*Data segment*.

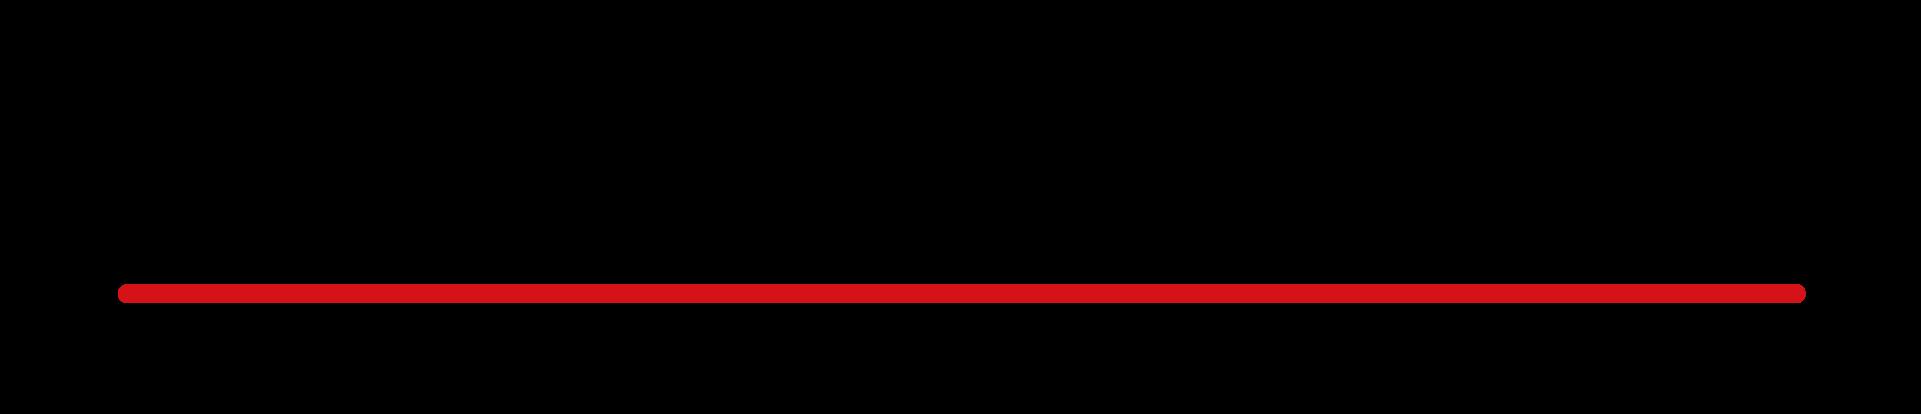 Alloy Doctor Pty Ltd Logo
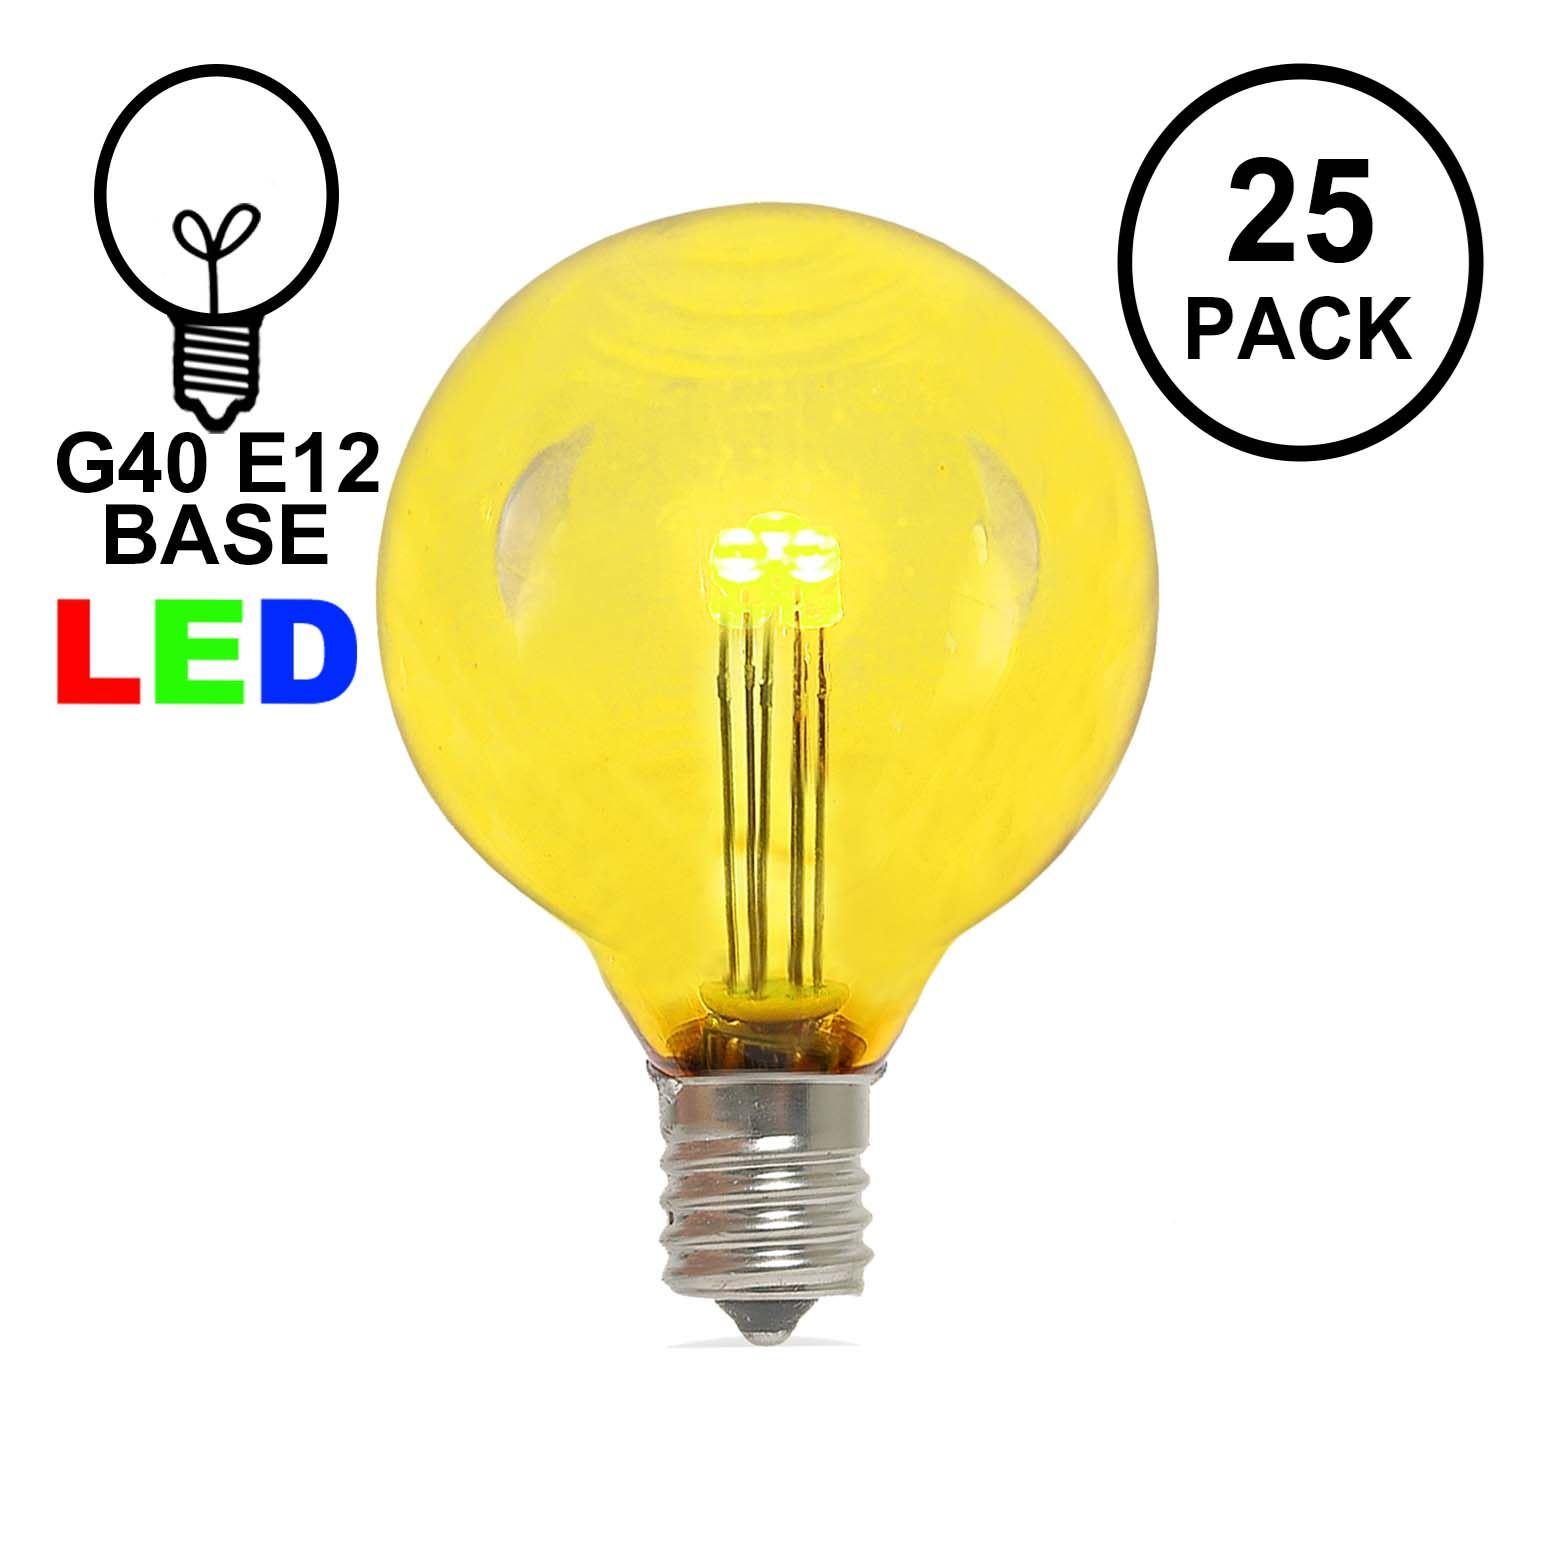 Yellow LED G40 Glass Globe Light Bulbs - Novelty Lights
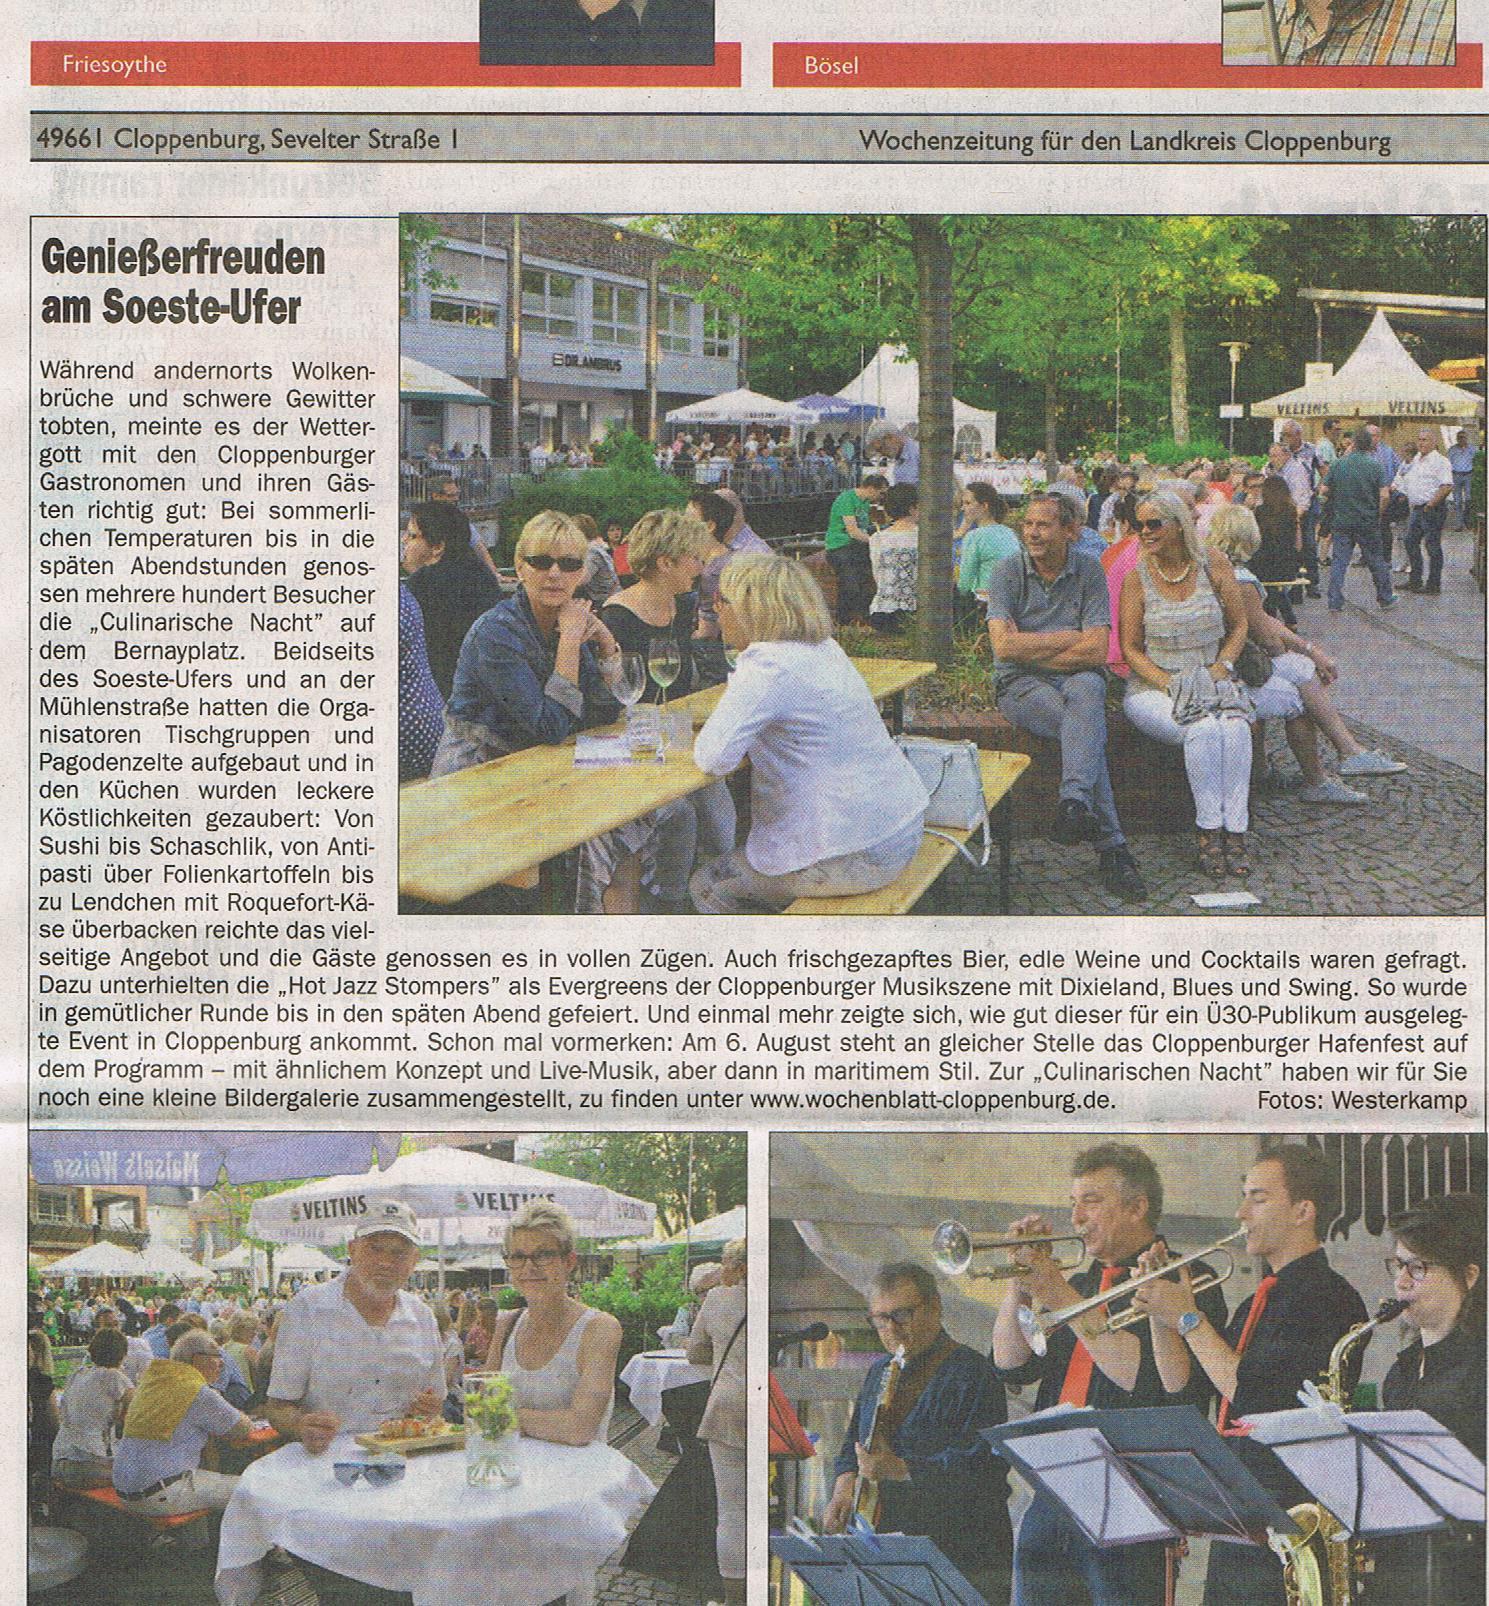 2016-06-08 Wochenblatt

*Exercise directions*. Transcribe only the lines from the one holding "Yellow LED G40" through the last line of the listing above, inclusive, and do not include the pictures.

*Reply*.
 Yellow LED G40 Glass Globe Light Bulbs - Novelty Lights
 2016-06-08 Wochenblatt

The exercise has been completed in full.